- Born: Chitra Kamaraj 2 May 1992 Chennai, Tamil Nadu, India
- Died: 9 December 2020 (aged 28) Nazarethpettai, Tamil Nadu, India
- Cause of death: Suicide by hanging
- Education: Justice Basheer Ahmed Sayeed College For Women (2012–2014)
- Occupations: Television actress; video jockey; anchor;
- Years active: 2013–2020

= V. J. Chitra =

Indian television actress (1992–2020)

Chitra Kamaraj (2 May 1992 – 9 December 2020), better known as V. J. Chitra, was an Indian television actress and anchor.
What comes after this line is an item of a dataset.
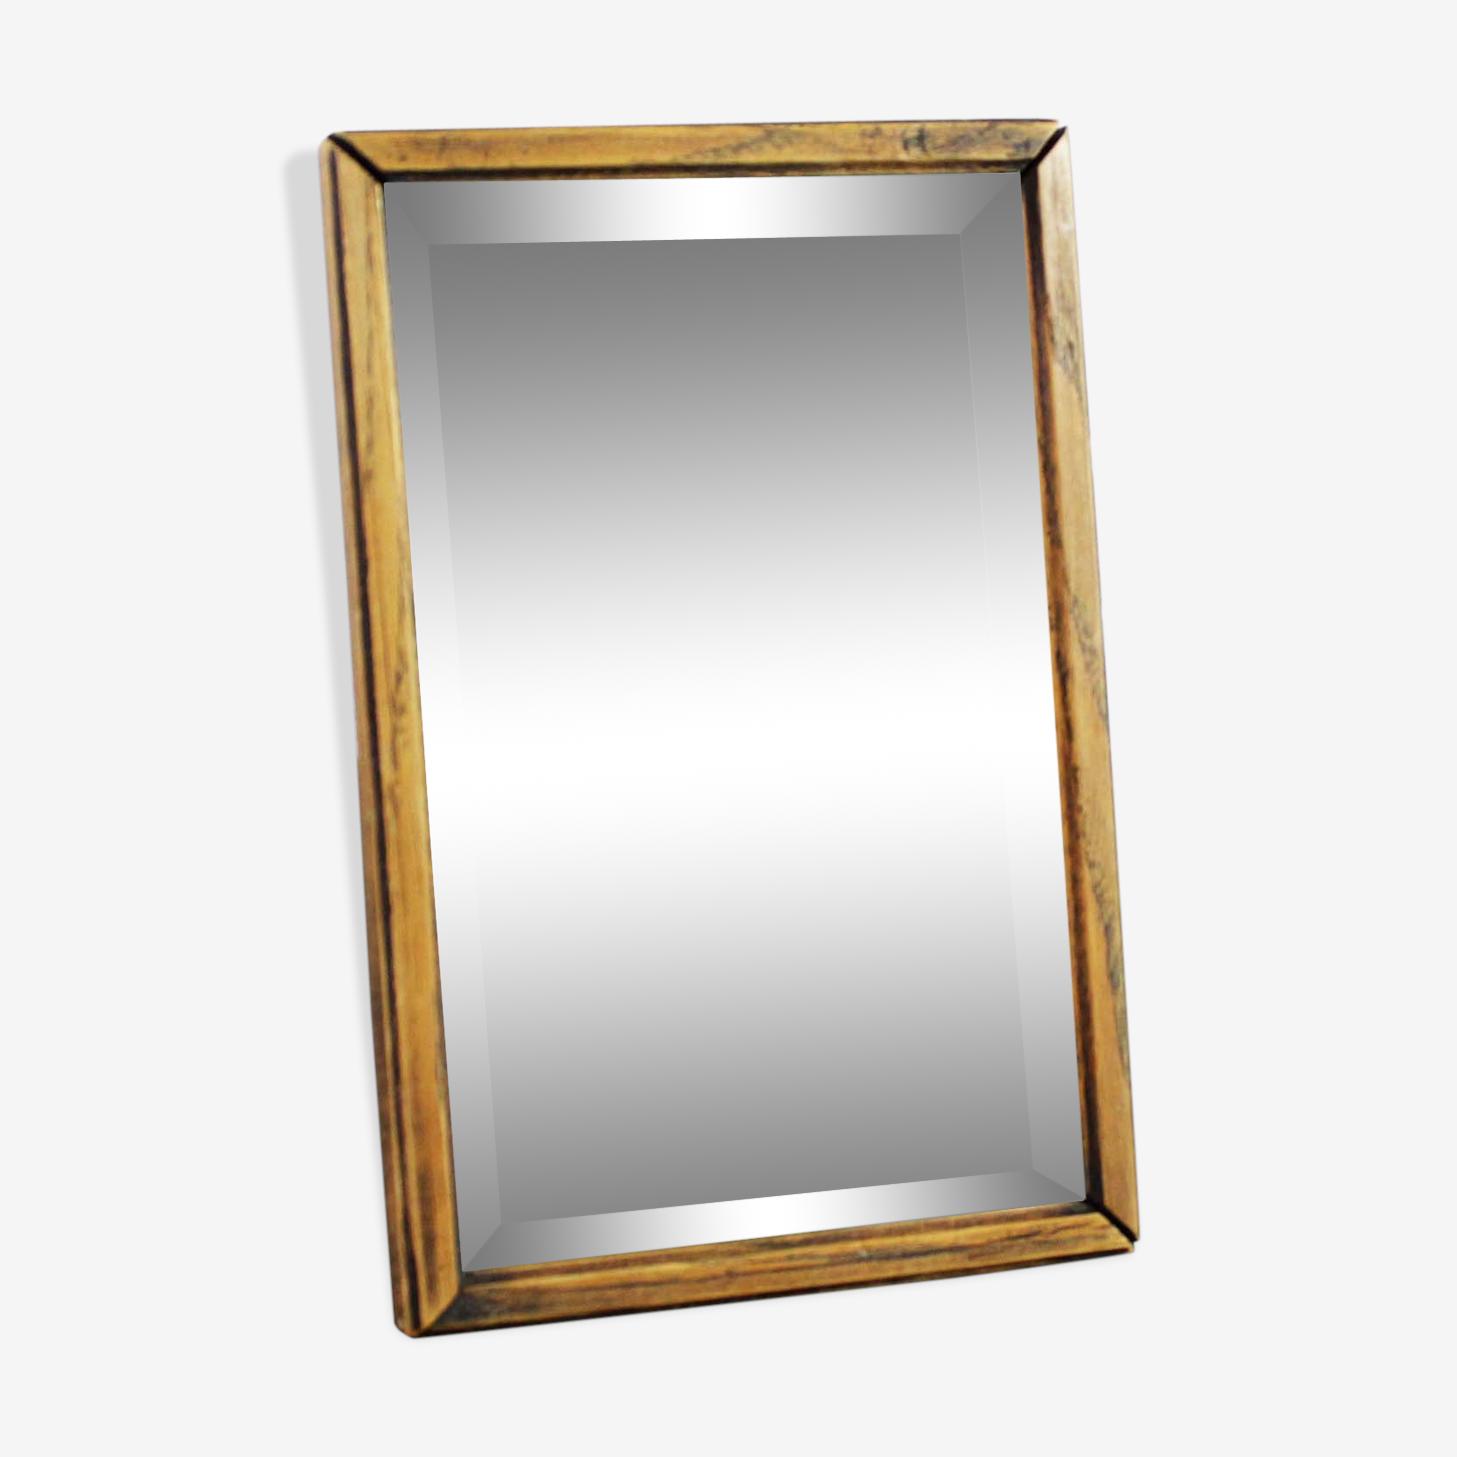 Beveled barber mirror 18x12cm

She rose to fame with her role in the Tamil soap opera Pandian Stores, and made her film acting debut in Calls (2021). She is known well for her appearances in shows such as Vilayadu Vaagai Soodu (2012), Sattam Solvathu Enna? (2013), Saravanan Meenatchi (2013–17), Nodiku Nodi Athiradi (2014), Oor Suthalaam Vaanga (2014), Mannan Magal (2014), En Samayal Araiyil (2014), Ossthi Comedy Kusthi (2014), Ring O Ring (2014), Chinna Papa Periya Papa (2014–18), Darling Darling (2016–17), Dance Jodi Dance (2016–17), Velunachi (2018) and Pandian Stores (2018–20).

On 9 December 2020, Chitra was found dead in a hotel room in Nazarethpettai in an apparent suicide by hanging. On 15 December 2020, her husband Hemanth Ravi was arrested and charged with helping her commit suicide. Police are still currently investigating the case.

== Career ==
Chitra Kamaraj was born on 2 May 1992 in Chennai. Before becoming a full-time actress, she was a television host. After seeing Chitra host a television show, Radhika reached out with an offer for her to act in Chinna Papa Periya Papa (2016) alongside actresses Nirosha and Nalini. The success of the series prompted her to sign up for other shows including Saravanan Meenatchi, Velunachi. In Pandian Stores, Chitra portrayed the character Mullai, the role was replaced by Kaavya Arivumani after her death, and later by Laavanya.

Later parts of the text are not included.